Supplied information:
────────────────────────────────────────

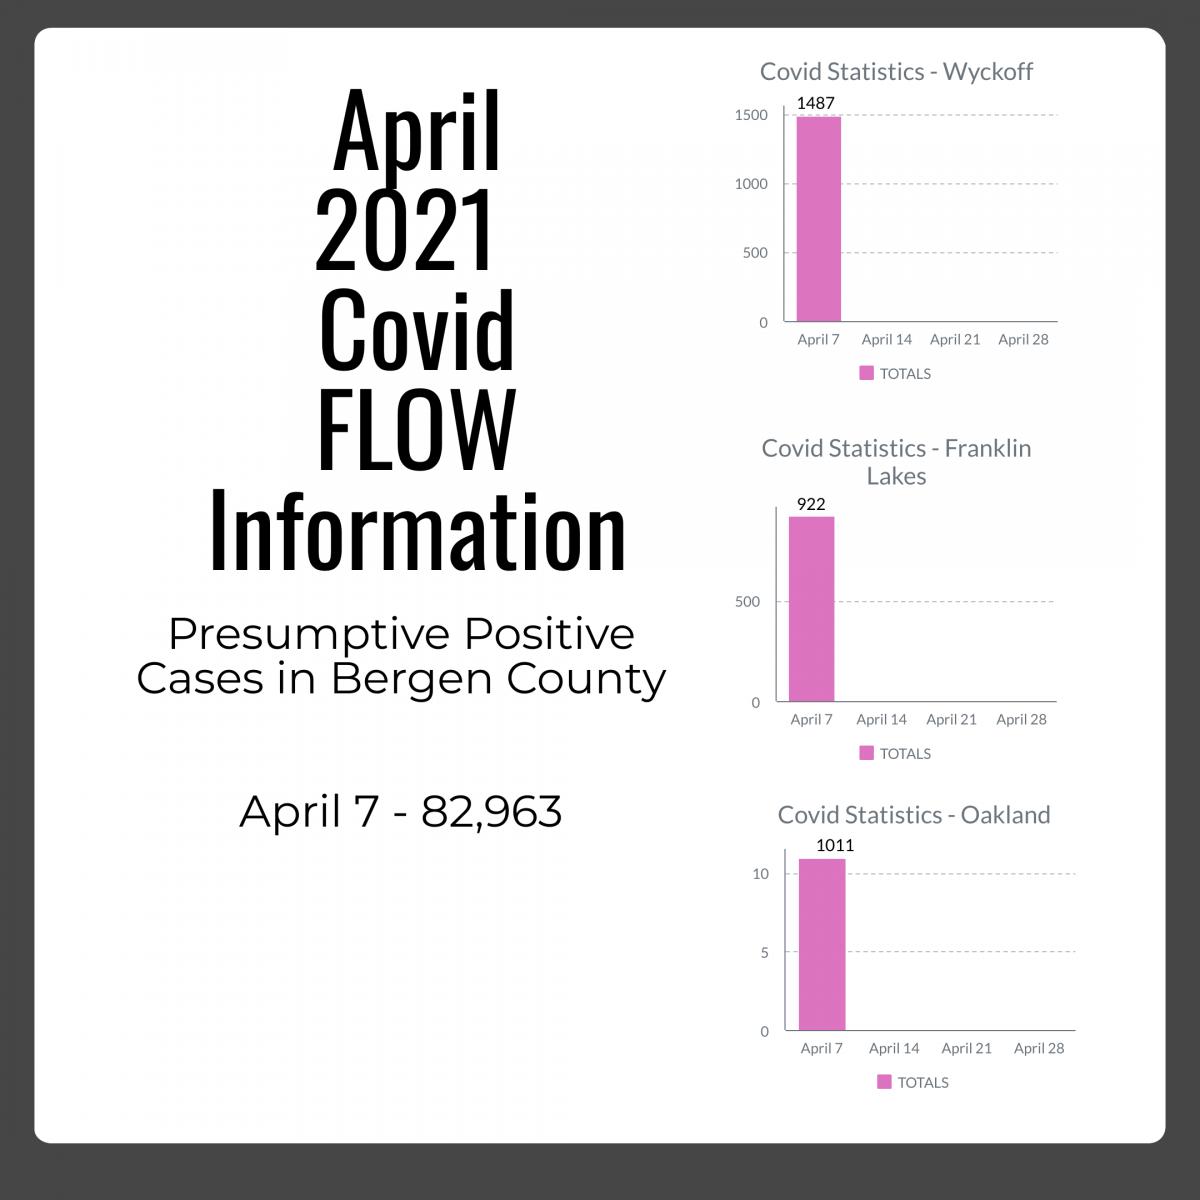 April 7th FLOW Covid Info
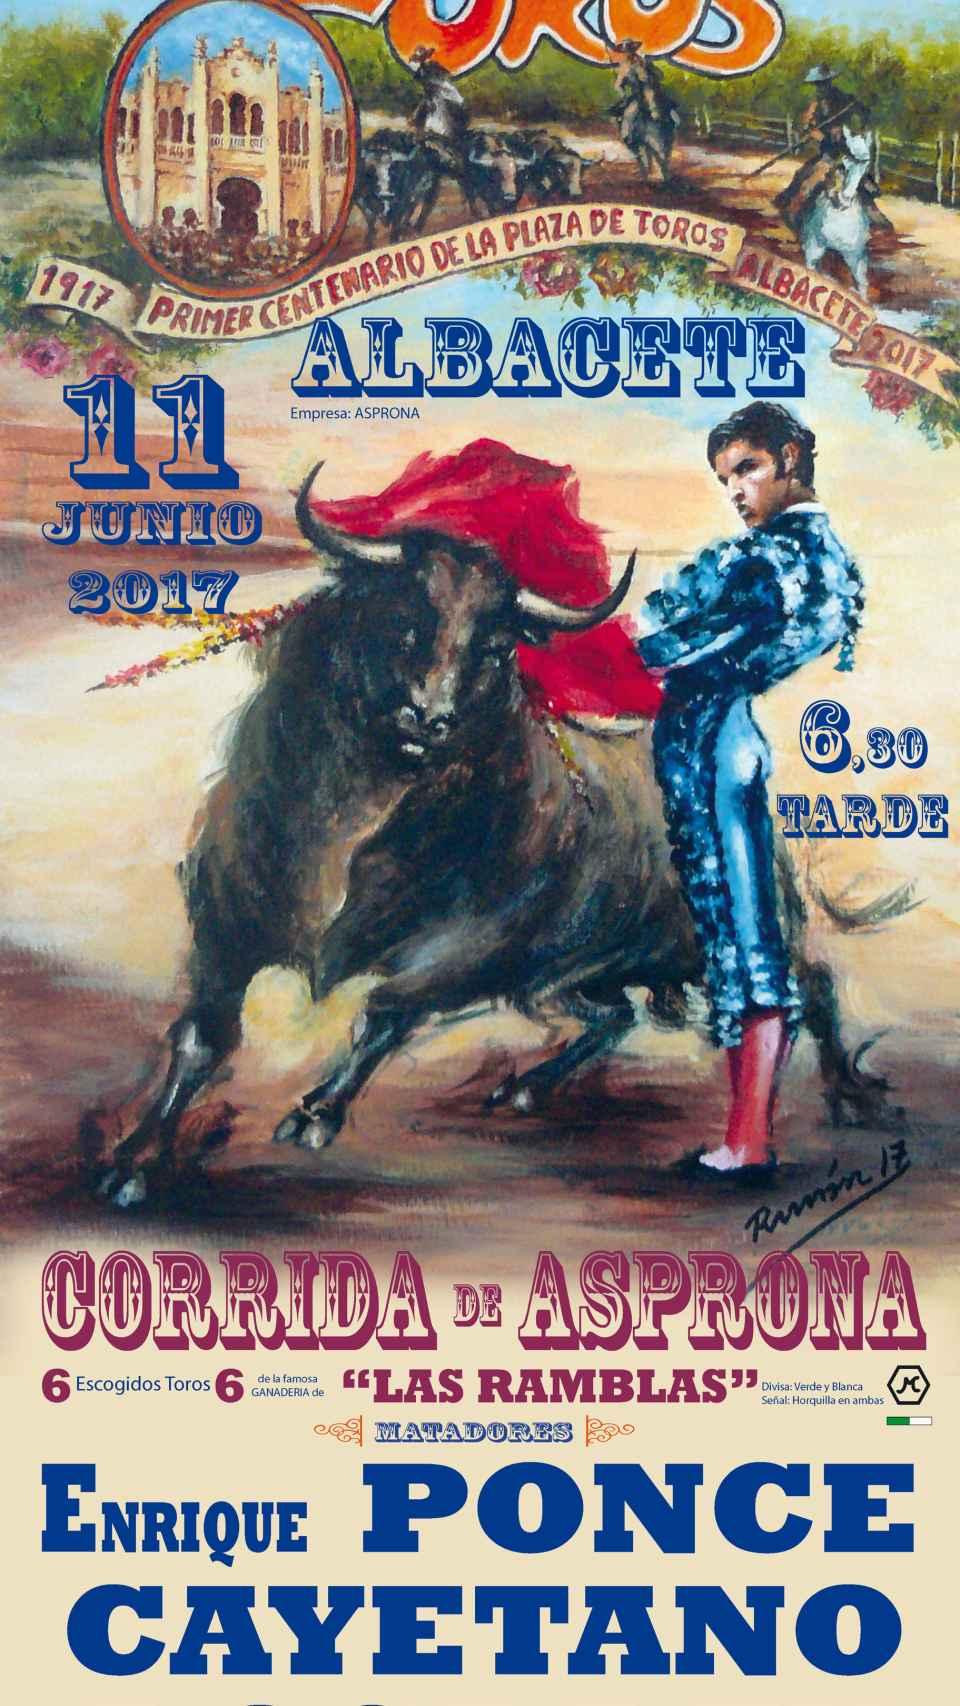 Cartel de la corrida de toros.
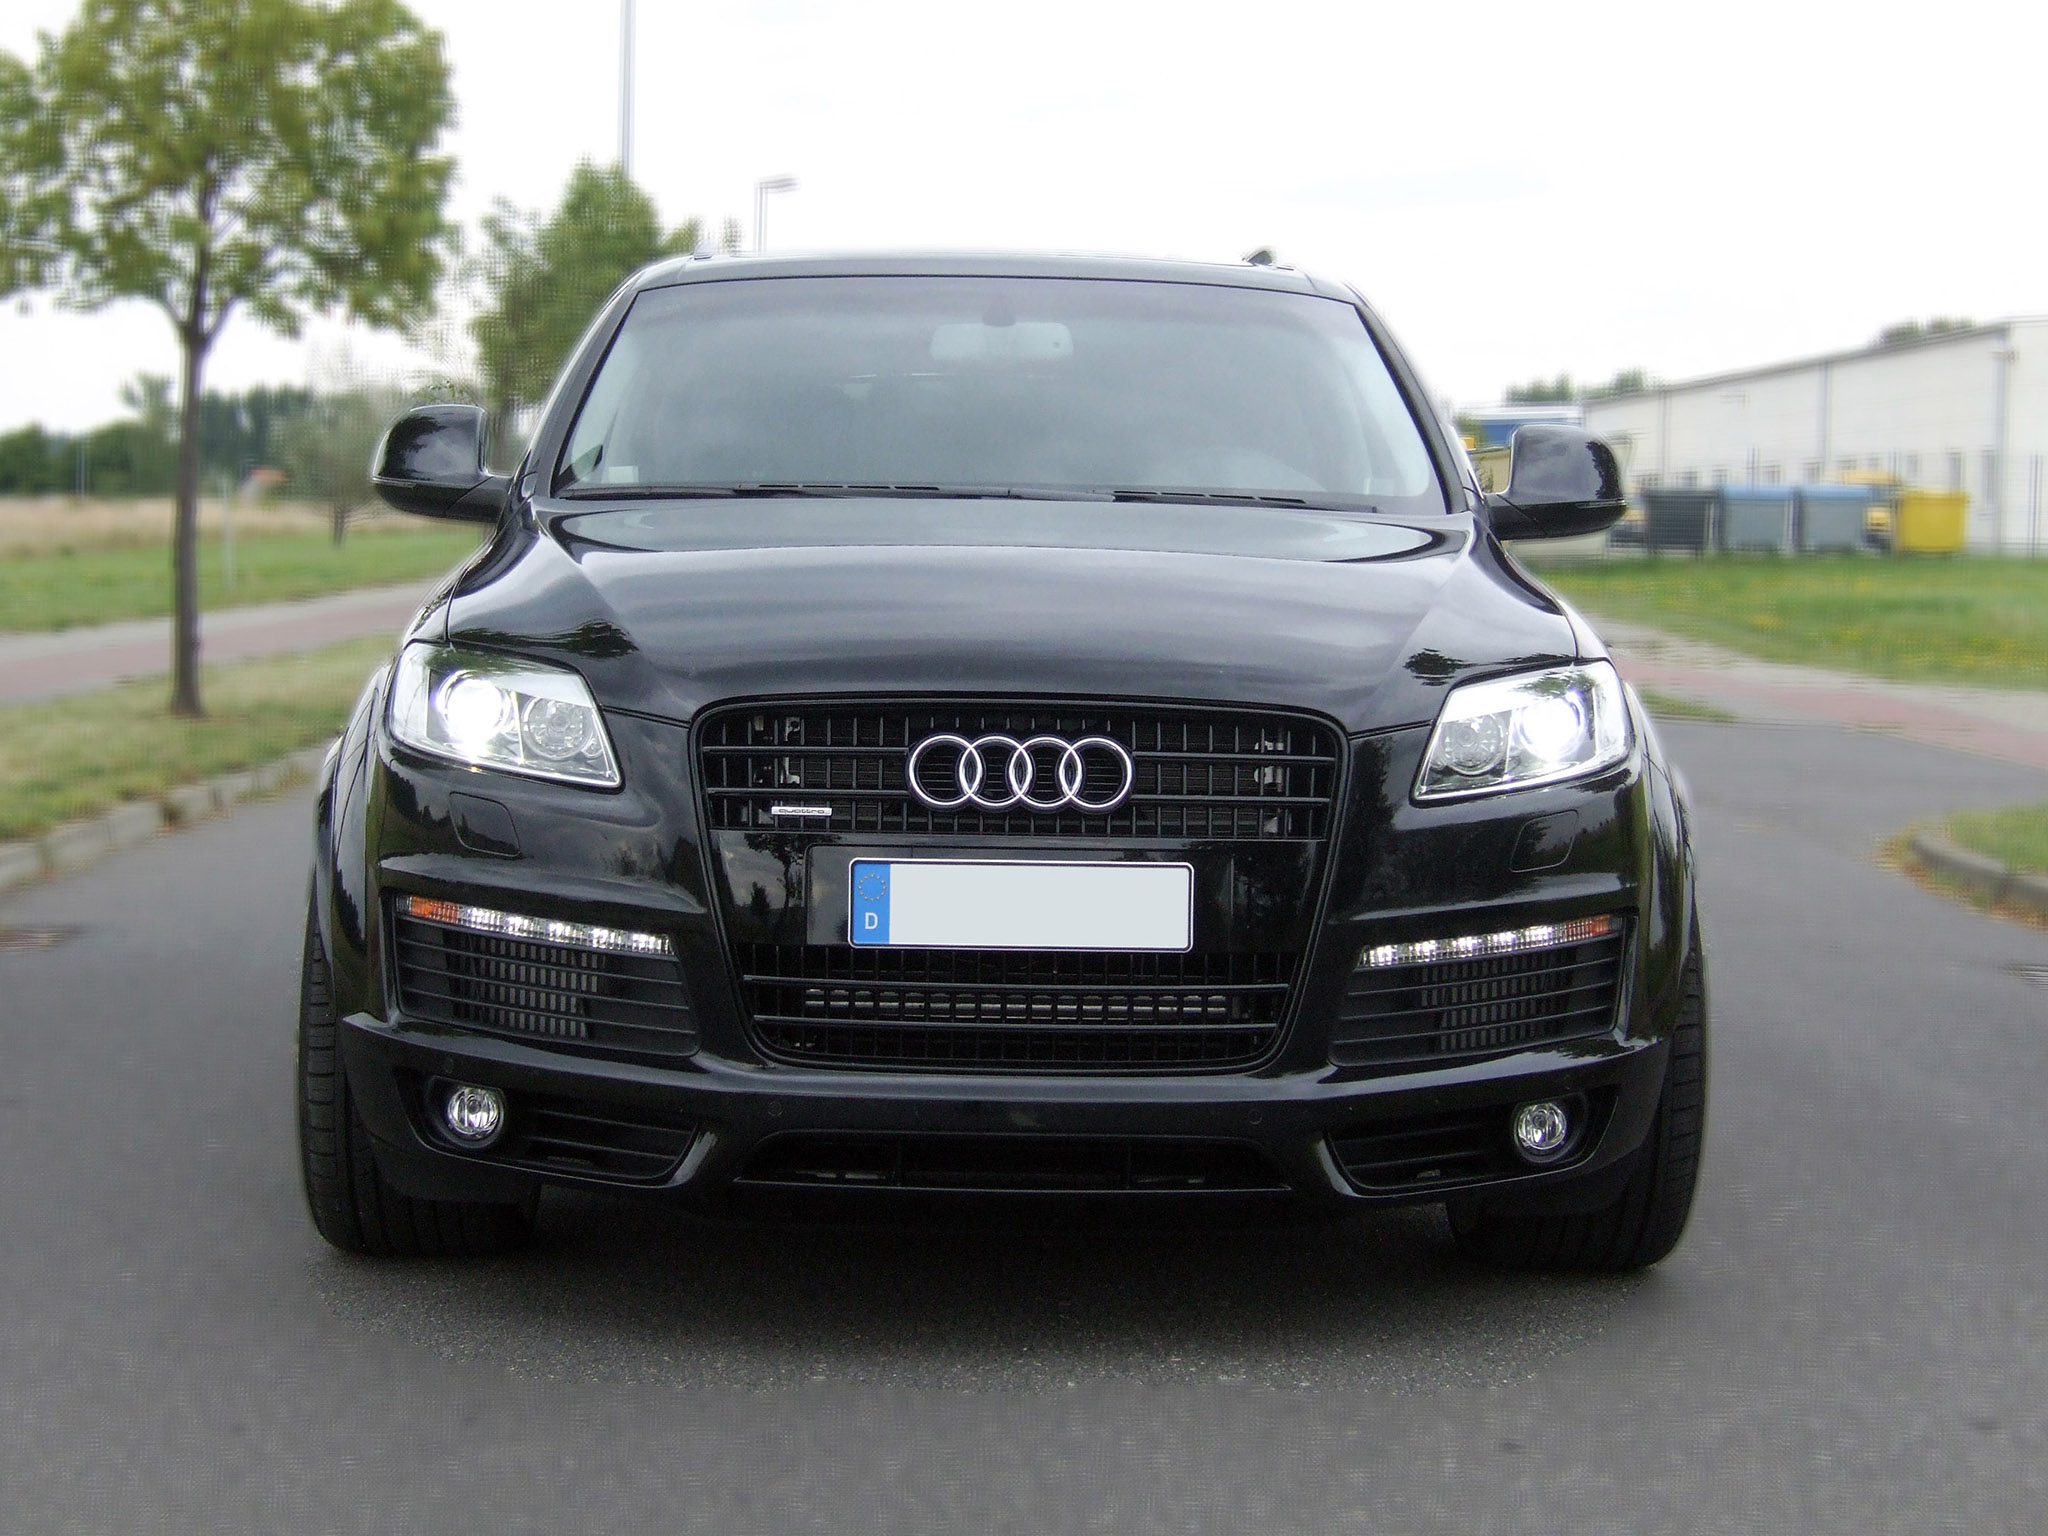 Avus Performance Audi Q7 2009 Avus Performance Audi Q7

────────────────────────────────────────

Copy all the material above exactly, but skip each image.

 April 7th FLOW Covid Info
 Cartel de la corrida de toros.
 Avus Performance Audi Q7 2009 Avus Performance Audi Q7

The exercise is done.